## Assignment
Type out the whole listing again exactly, pictures omitted.

## Information provided
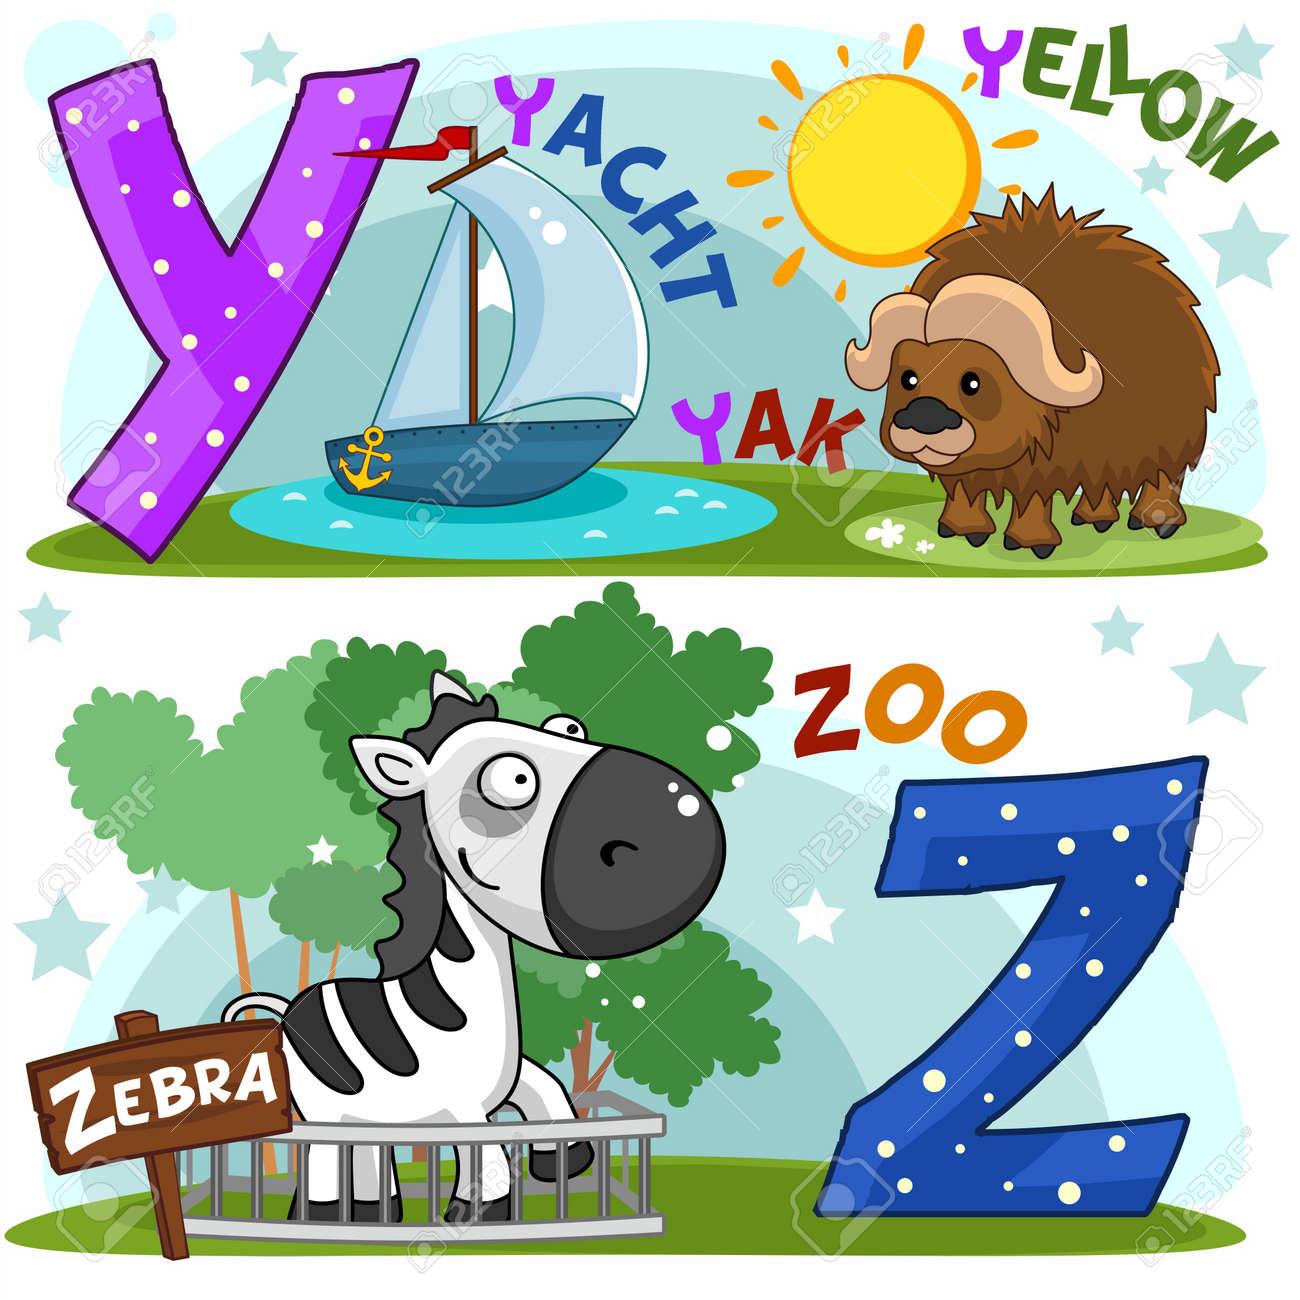 Colorido Alfabeto Ingl S De Dibujos Animados Con Letras Y Y Z Para  -> Sala En Ingles Dibujo
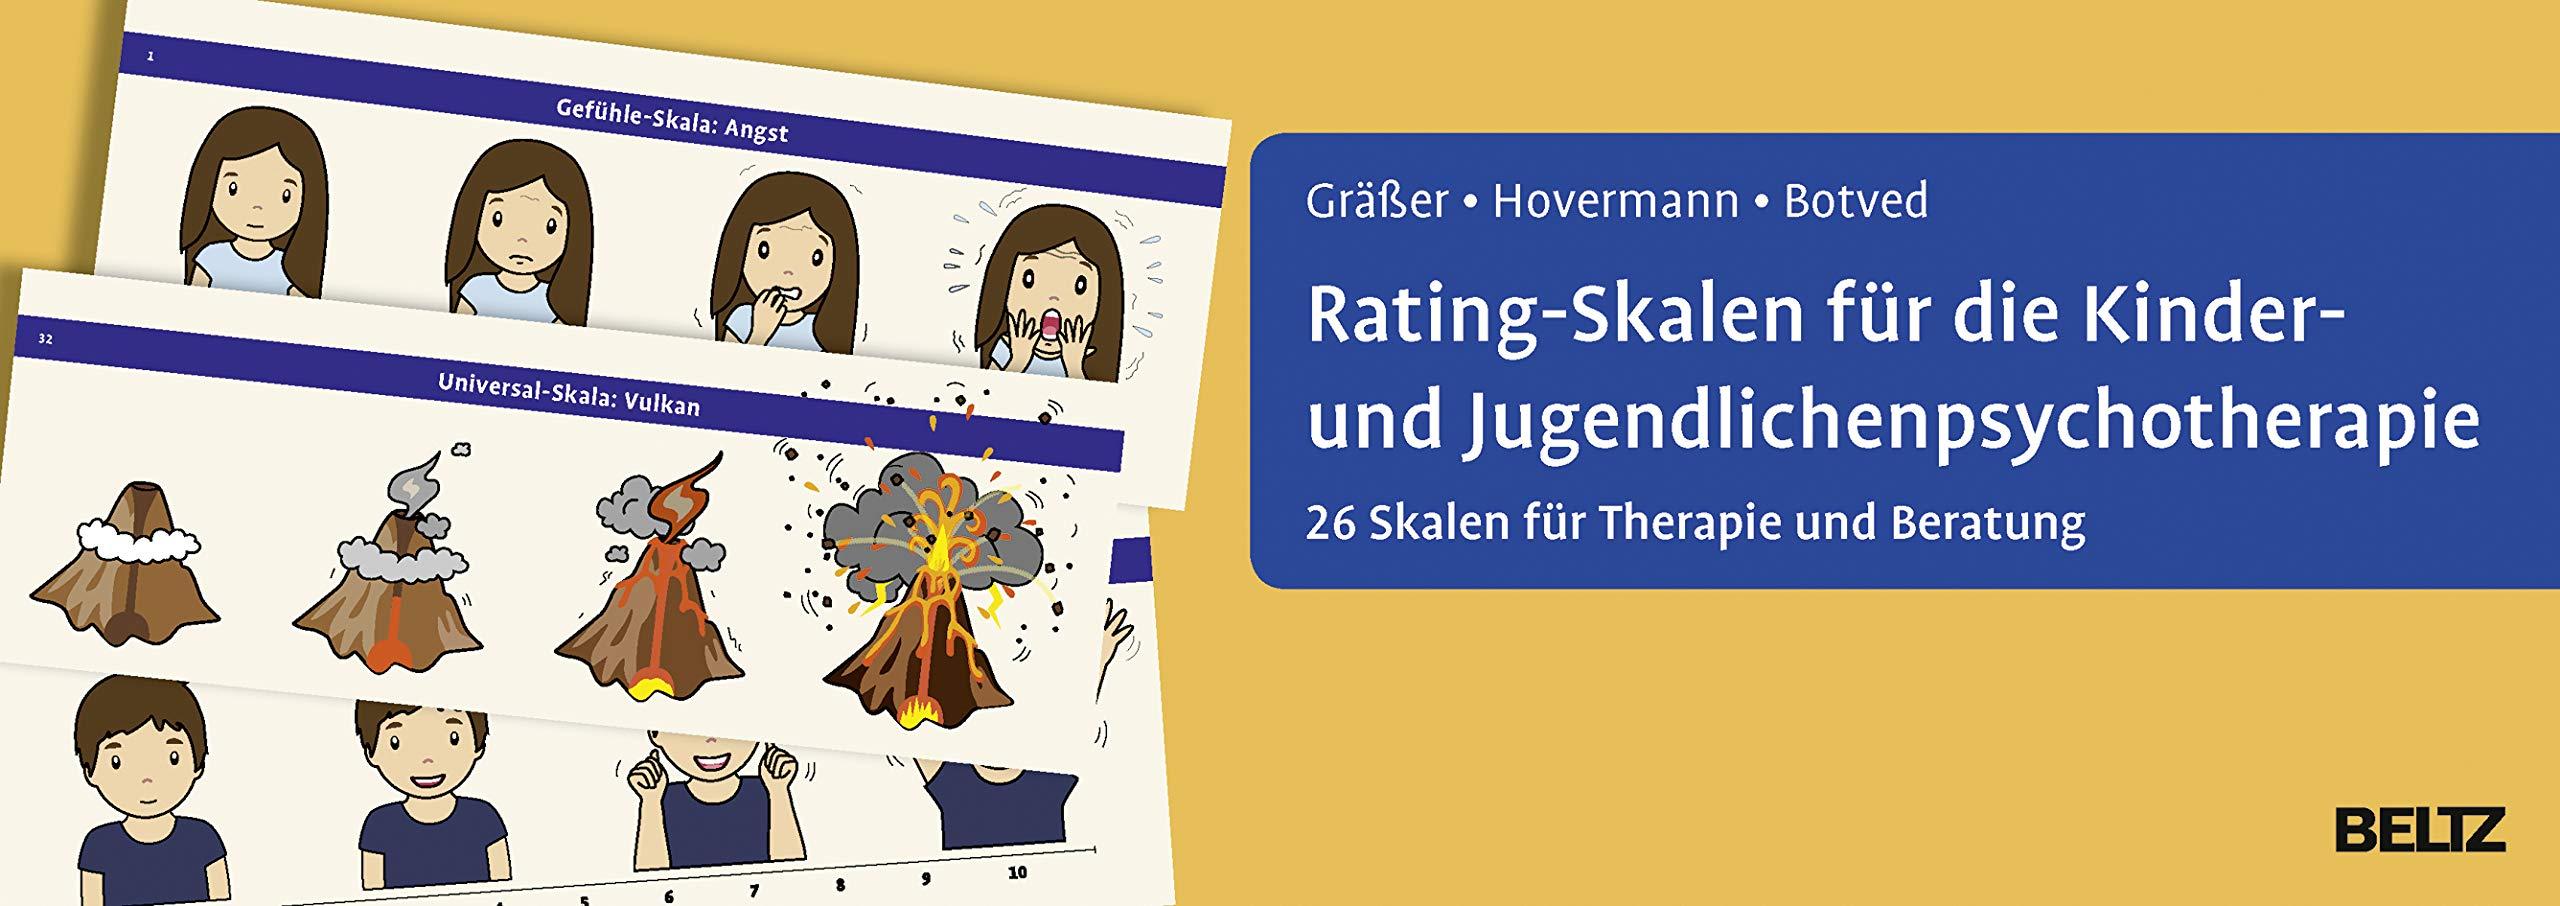 Rating-Skalen für die Kinder- und Jugendlichenpsychotherapie: 26 Skalen für Therapie und Beratung
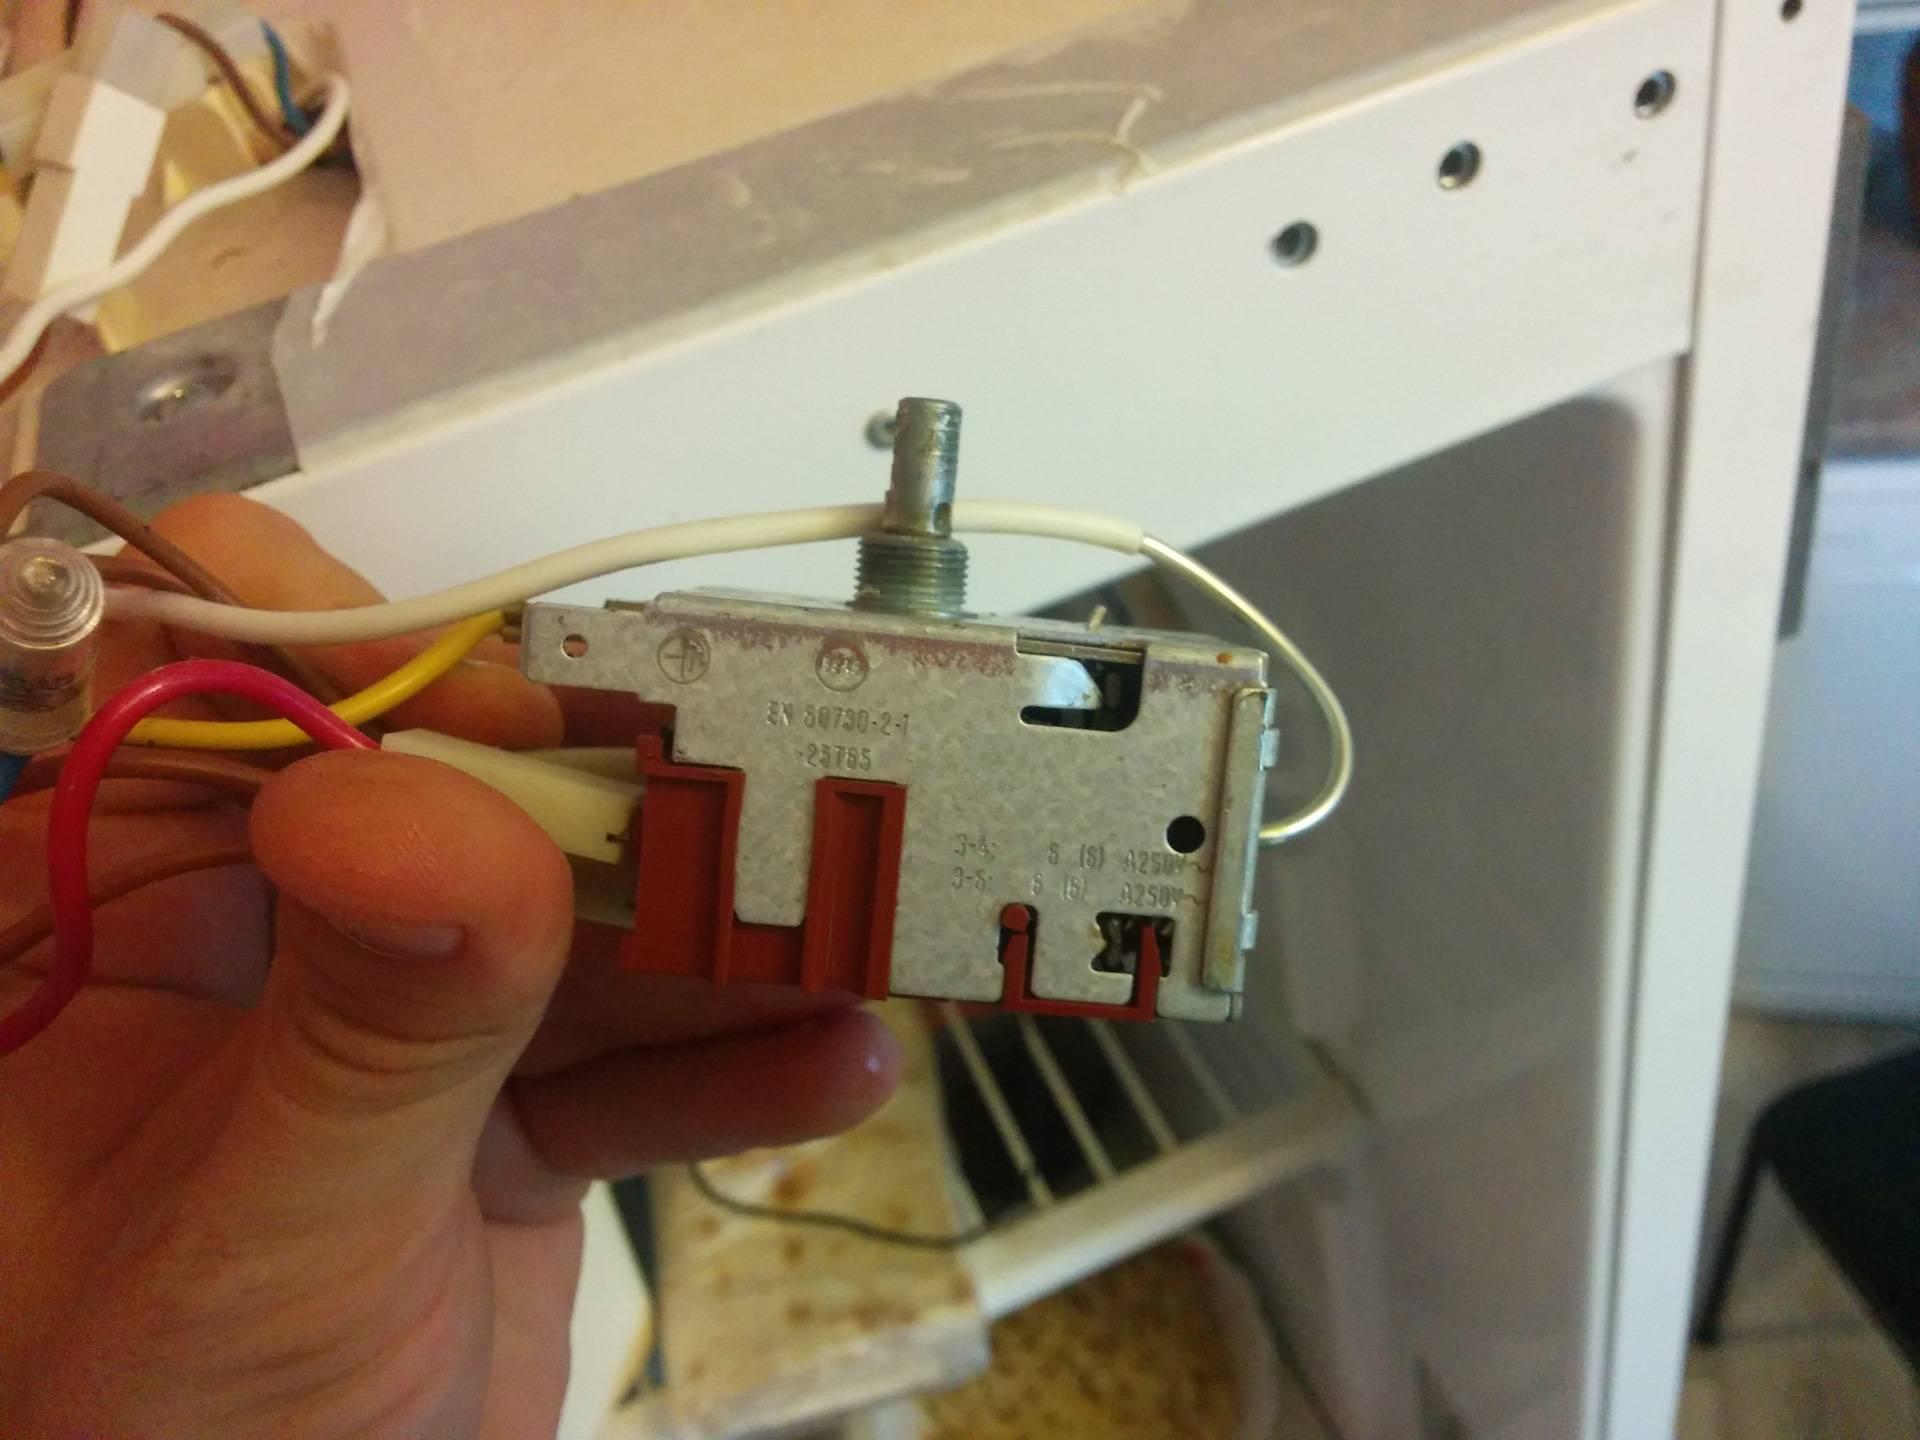 Замена терморегулятора в холодильнике своими руками: инструкция, проверка неисправности

## Answer section
 Colorido Alfabeto Ingl S De Dibujos Animados Con Letras Y Y Z Para  -> Sala En Ingles Dibujo
 Rating-Skalen für die Kinder- und Jugendlichenpsychotherapie: 26 Skalen für Therapie und Beratung
 Замена терморегулятора в холодильнике своими руками: инструкция, проверка неисправности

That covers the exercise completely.